Thursday, May 24, 2018

Class 16 (4xQuarter & 4xHalf


We go where we can to get in the scheduled runs. It wasn’t intended as track-only training, but you still put in the shortest/fastest runs of the term. Look at it this way: better here than the cemetery on University.

Tuesday’s run will four or eight miles – exactly double our beginning distance in class.

TODAY’S 4 X QUARTER-MILE INTERVALS

(with total time for one mile and comparison to your first week’s nonstop mile; target was to go faster; team time was divided equally)

Leah – 7:53 (-1:34) 2nd most improved
Elizabeth – 7:53 (-2:05) most improved, earning extra credit

TODAY’S 4 X HALF-MILER INTERVALS

(with total time for two miles, per-mile pace and comparison to your first week’s nonstop two-mile; target was to go faster; if you didn’t time yourself, team time was divided equally)

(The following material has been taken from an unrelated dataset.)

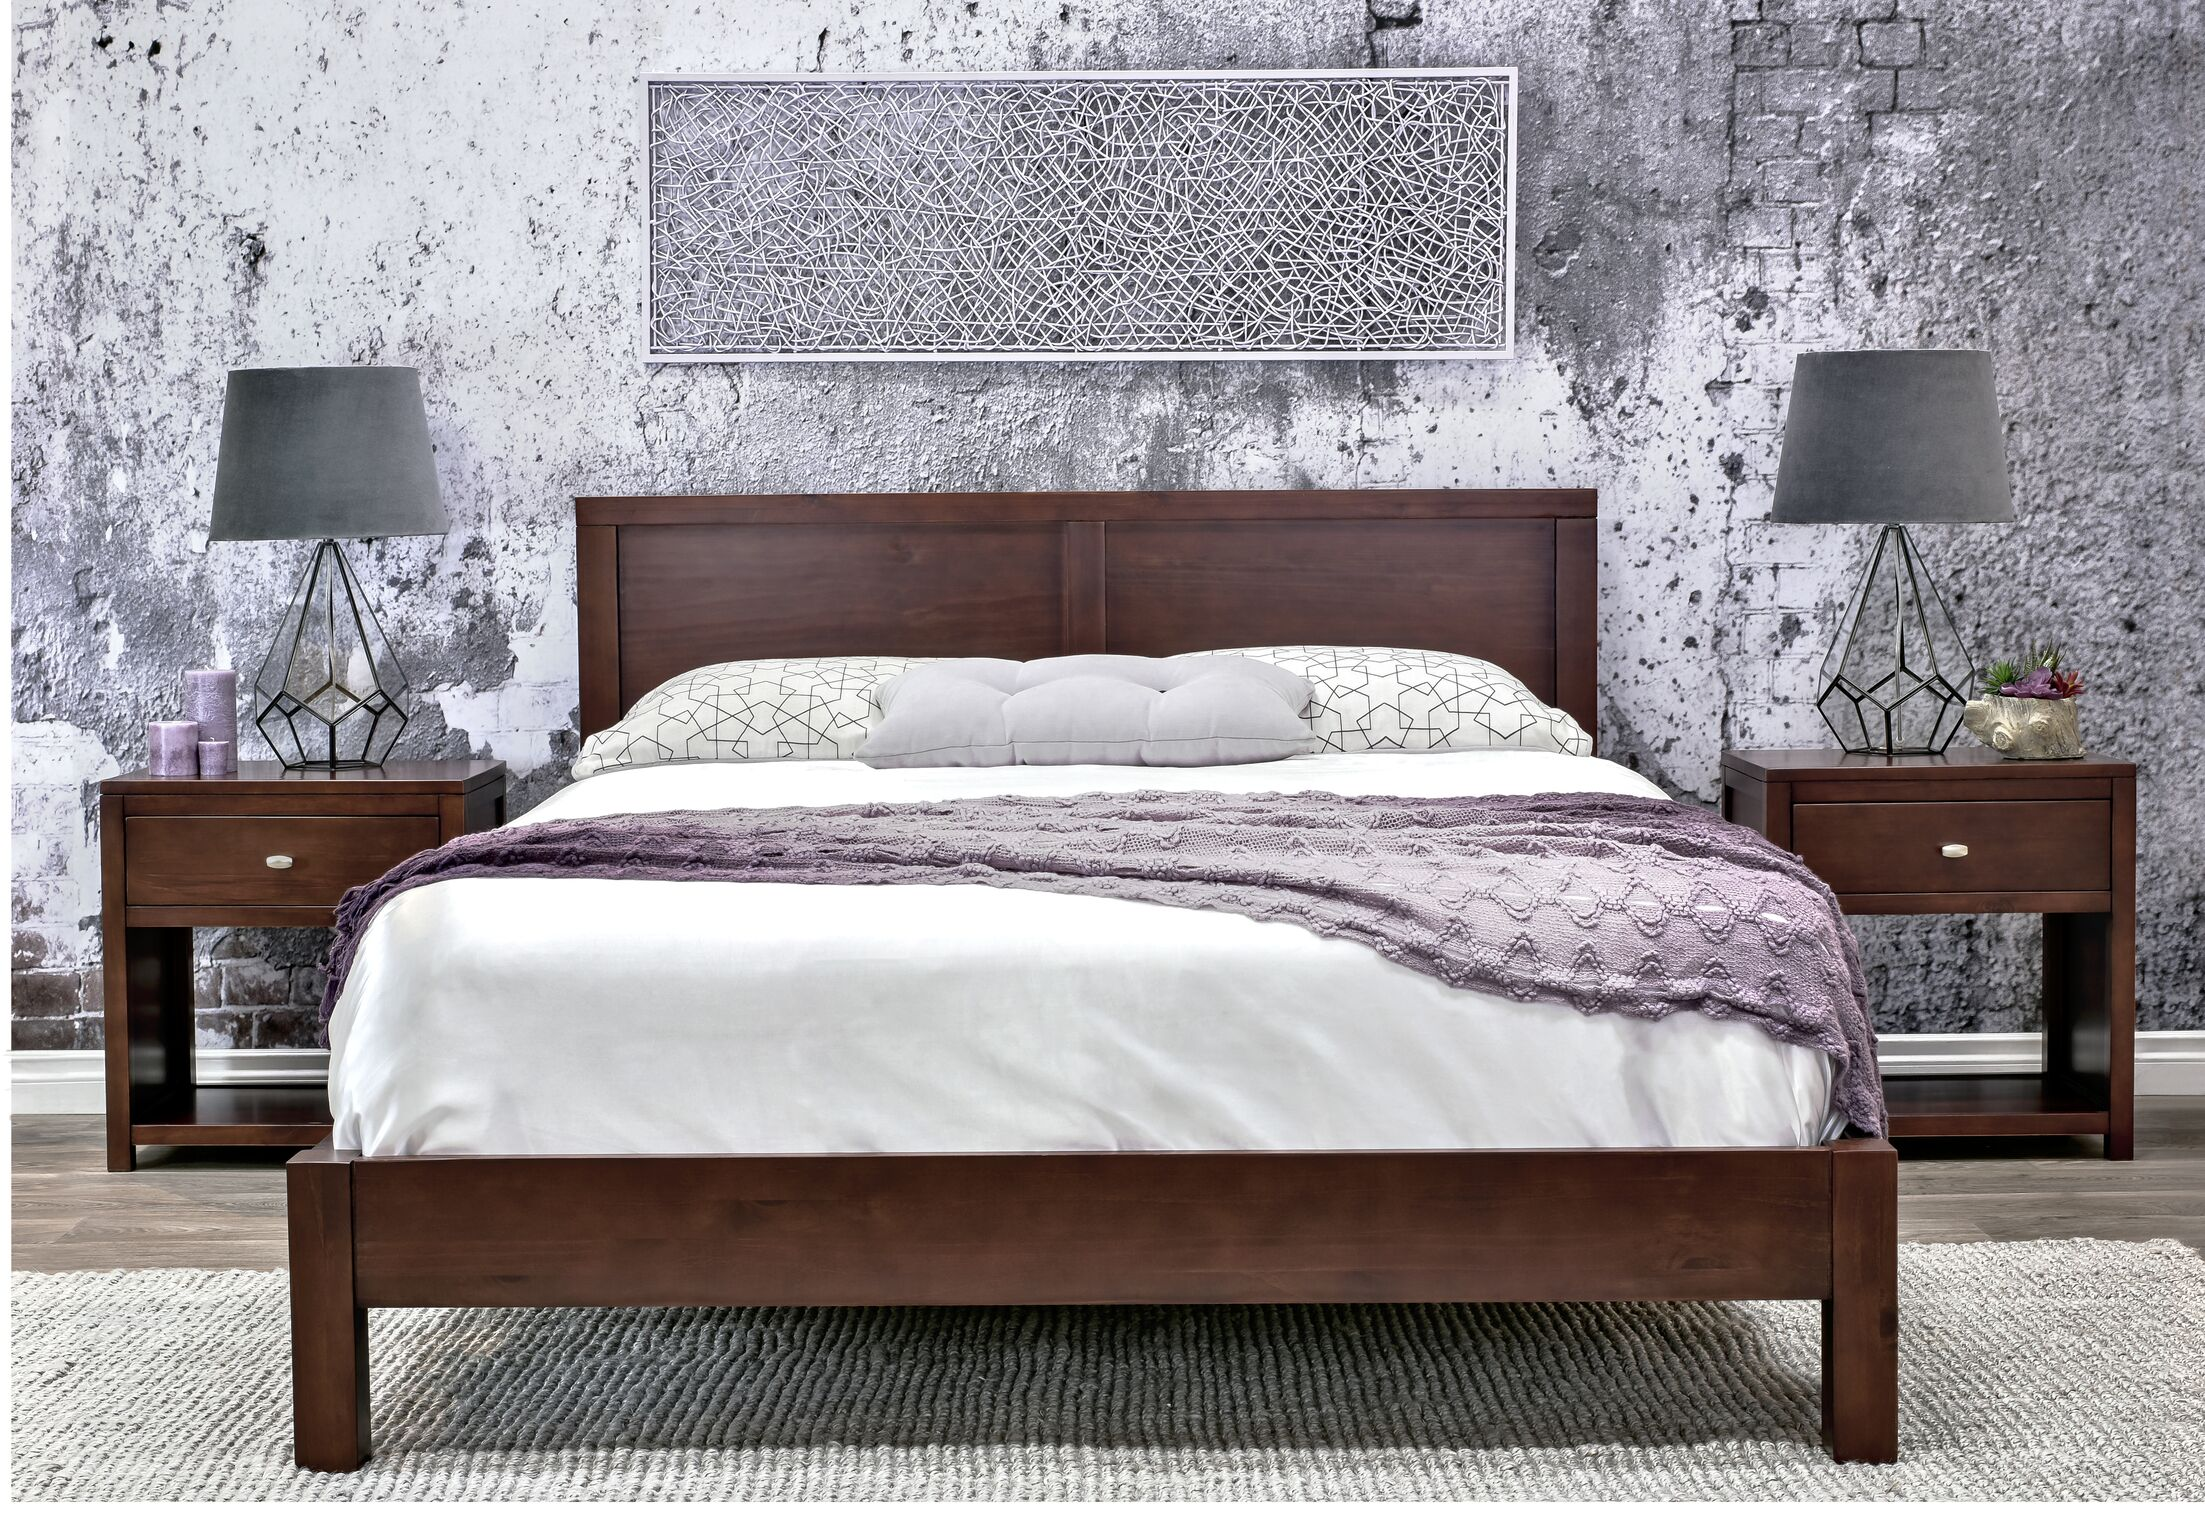 Erskine Platform Bed Size: Full

Alex – 11:33 (5:46 pace, -48 sec. per mile) 3rd most improved
Philip -- untimed
Mak – 10:44 (5:22s, -36 sec.)
Bill – ran in Arizona
Calvin – 12:33 (6:16s, no target)
Kelly – 14:19 (7:09s, -38 sec.)
Omar – 10:44 (5:22s, -46 sec.)
Kyle – 10:38 (5:19s, -38 sec.)
Tyler – 10:38 (5:19s, -15 sec.)

LESSON 16: 10K TRAINING

The 10K program resembles the one for 5K (Lesson 15), but the distances naturally go up for a race twice as long. Again mix over-and-unders – fast runs below the 10K distance (totaling two to three fast miles, not counting warmup, cooldown and recovery intervals, running the fast portion at 10K race pace or slightly faster) and long ones above it (seven to nine miles, at least one minute per mile slower than race pace. Average about a half-hour, at a relaxed pace, for each of the three or four easy runs per week. By slightly modifying this plan, you can run races at two other popular distances – 8K (or five miles) and 12K (about 7½ miles).